There's no single right way to do the association. Different users will legitimately prefer different approaches. A solution needs to be flexible enough to accomodate them.

James

> My opinion is that this association should be obligatory once present and could not be overriden.

It's a basic tenet of RELAX NG that the schema is not inherent in the document and that validation is a process that has two independently-specifiable inputs. Section 8 of the spec says: "A conforming RELAX NG validator must be able to determine for any XML document and for any correct RELAX NG schema whether the document is valid with respect to the schema." If I understand you correctly, you're saying that if the document contains a particular processing instruction, then there should not be a way to validate it against a schema other than that specified in the processing instruction. That's clearly non-conformant. A conforming RELAX NG validator must allow you to use any schema to validate a document, no matter what processing instruction the document contains.

James

A DOCTYPE declaration does nothing more than identify the external subset. Eliot Kimber is eloquent on this one. See for example the thread at http://lists.w3.org/Archives/Public/www-html/2000J an/thread.html#66 [w3.org]

> Documents have very long and complex lifecycles, and change is inevitable and must be planned for.

Which is exactly why your documents should not contain anything specific to a particular schema language. Who knows what schema language we'll all be using in 20 years?

> But couldn't we at least have one (1) standard way of asserting that a XML document belongs to a (version of) a specific class of documents

The assertion shouldn't be specific to a particular schema language. The assertion should be an assertion that the document belongs to a particular abstract type; an abstract document type involves more than just the (usually infinite) set of documents belonging to the type; there's also semantics, whether formal or informal.
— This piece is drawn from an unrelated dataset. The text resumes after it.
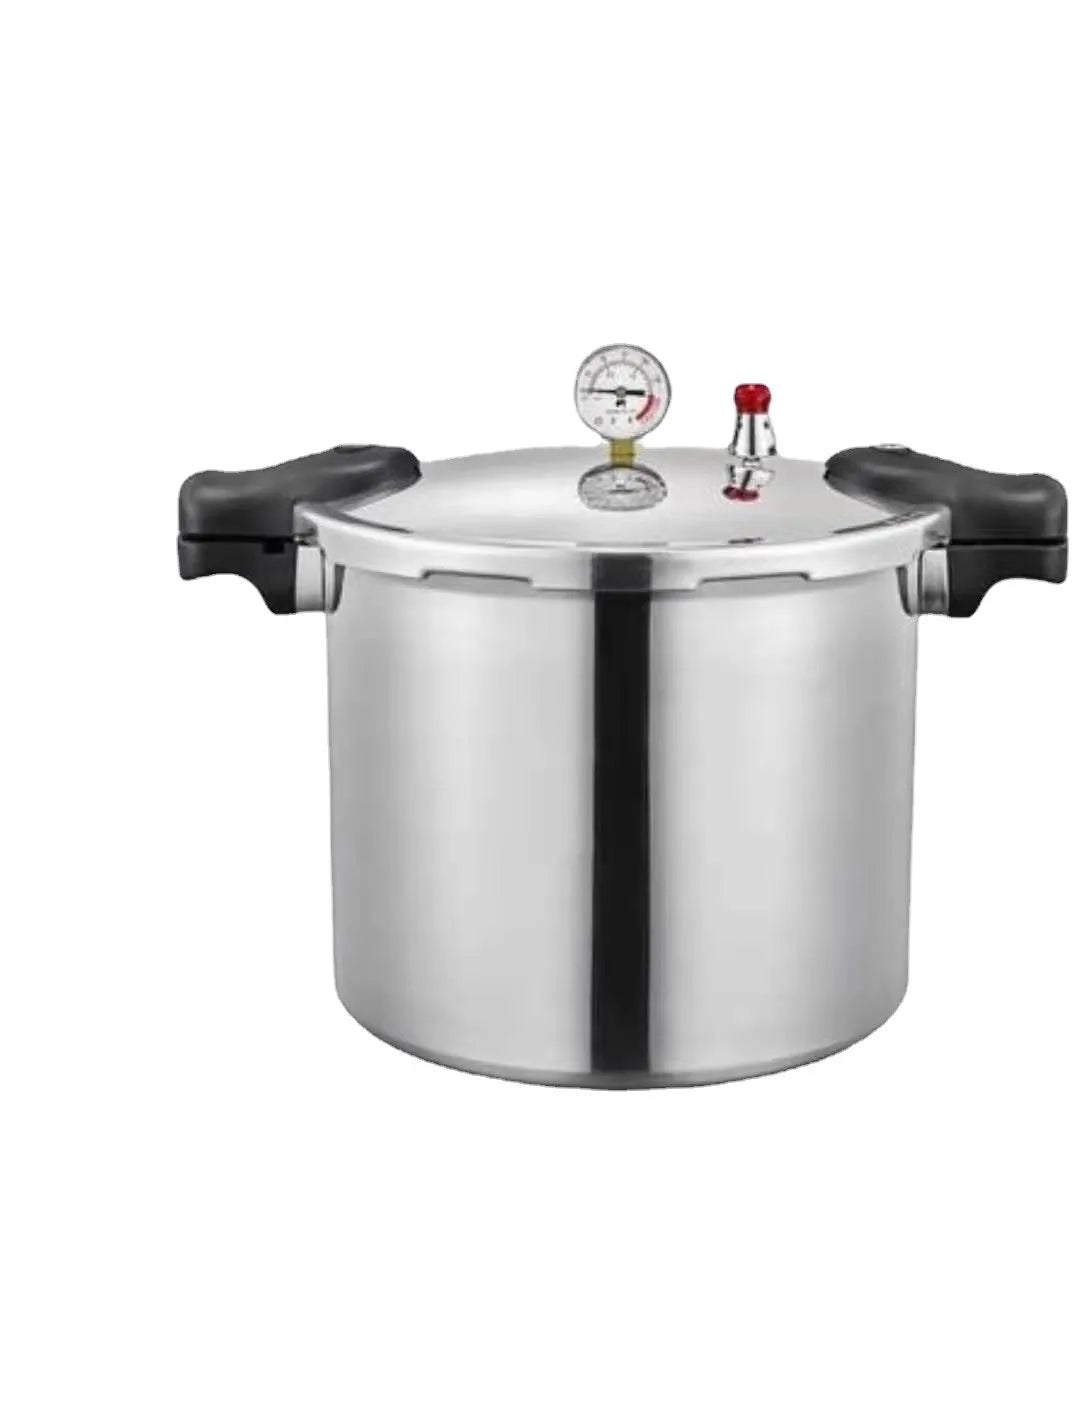 Pressure Cooker Commercial Large Capacity Gas Induction Cooker Universal Hotel Dining Hall Oversized Pressure Cooker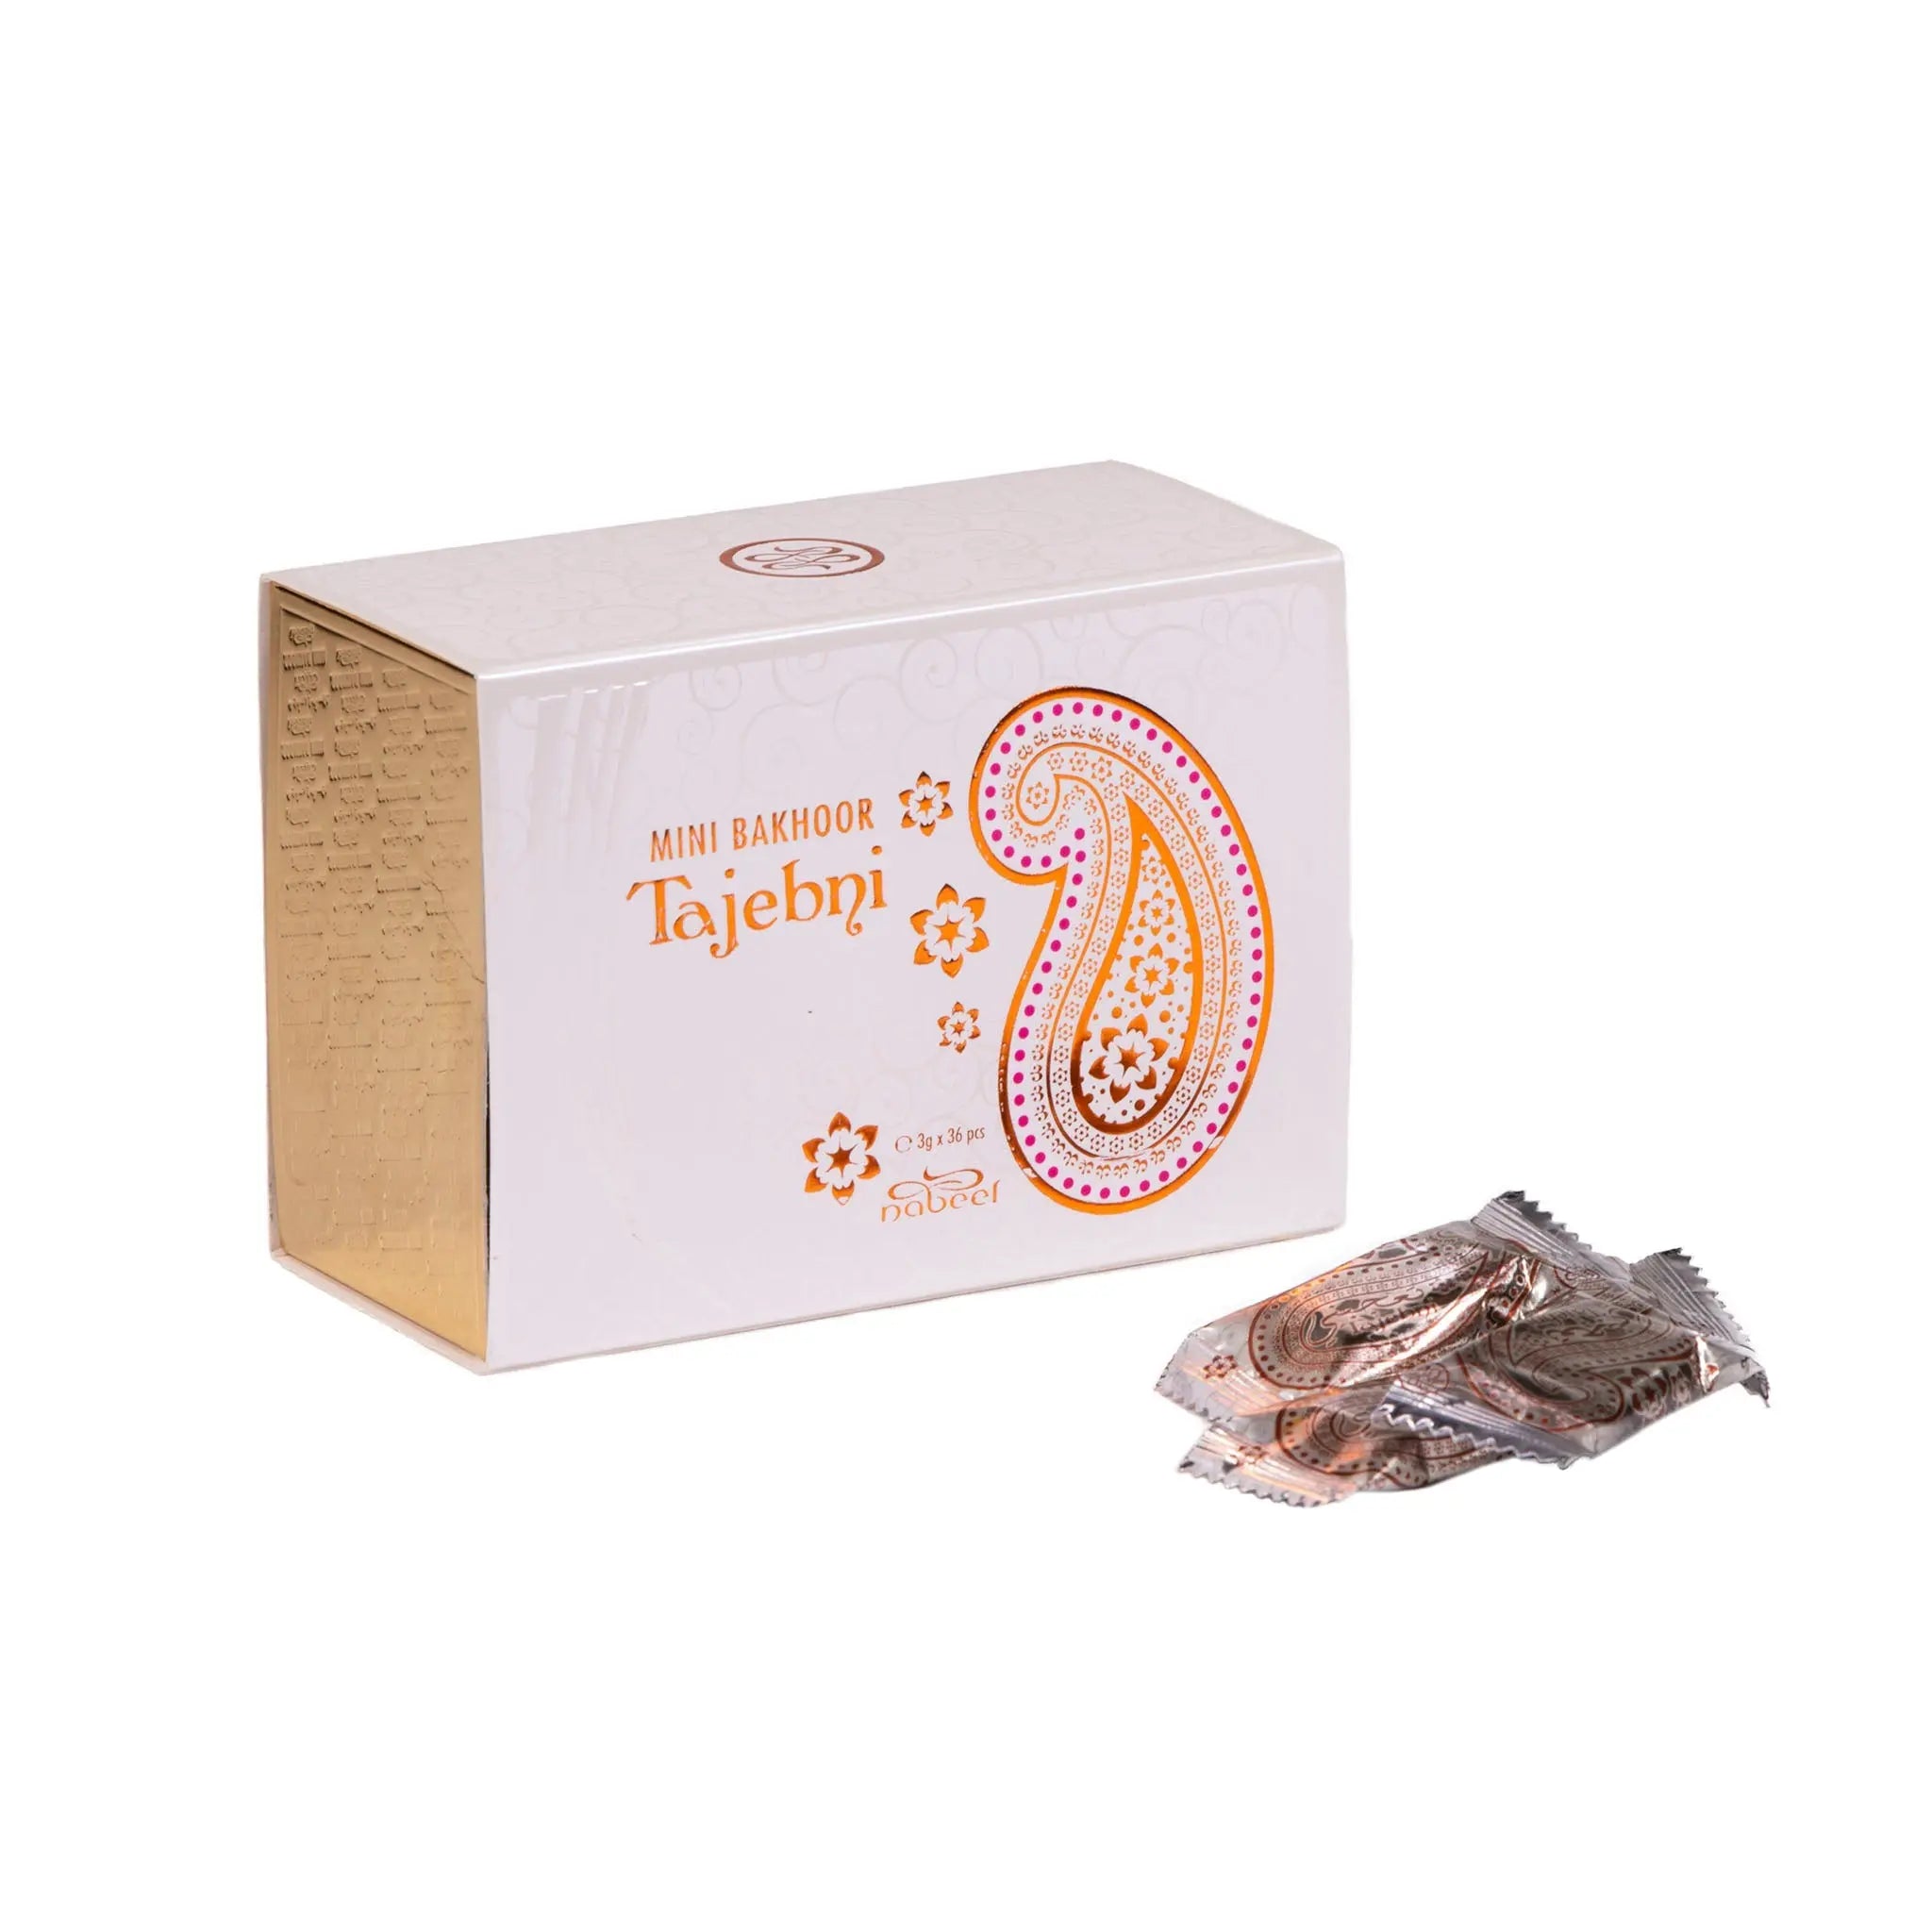 The image shows a white box for "Mini Bakhoor Tajebni" by Nabeel Perfumes. The box has a large paisley design in shades of orange and pink on the front, along with the product name in both English and Arabic. The left side of the box is gold with embossed Arabic script. Next to the box are several small, sealed packets with an orange and brown color scheme that matches the box's design. These packets likely contain the bakhoor incense pieces.

There is no standardized way to make such an assertion. It's not the job of RELAX NG (or indeed of any particular schema language) to standardize such a mechanism. If you want there to be a standard way, I suggest you take it up with the W3C or some other standards body.

I agree that it's often desirable to have a document include information about the abstract type to which it belongs. But it's up to you to decide how your documents should represent this information, just like it's up to you to decide how they should represent any other information. If namespaces aren't enough, then use a PI or use an attribute on the document element. The choice is yours. A schema association mechanism should be able to make use of whatever reasonable way you've chosen rather than mandate a particular way.

James

On Fri, 2003-10-24 at 15:33, George Cristian Bina wrote:

> We solved the association problem in oXygen using a PI

What does your PI look like exactly?

James

Hi James,

For Relax NG we have something like below:

<?oxygen RNGSchema="test/RelaxNG/compact/test1.rnc" type="compact"?> <?oxygen RNGSchema="test/RelaxNG/XML/test1.rng" type="xml"?>

For NRL:

<?oxygen NRLSchema="test/RelaxNG/NRL/nrlSchema.nrl"?>

I guess these can be put better into something like:

<?schema location="schemaLocation" type="rnc|rng|nrl"?>

For type we can eventually have as values: text/rnc, text/rng or text/nrl. For compact schemas we may also need an encoding pseudo attribute.

Best Regards, George

On Thu, 2003-10-23 at 20:43, Daniel Veillard wrote:

the idea growing up seems to have the association done at the toolkit level instead of having it into the instance.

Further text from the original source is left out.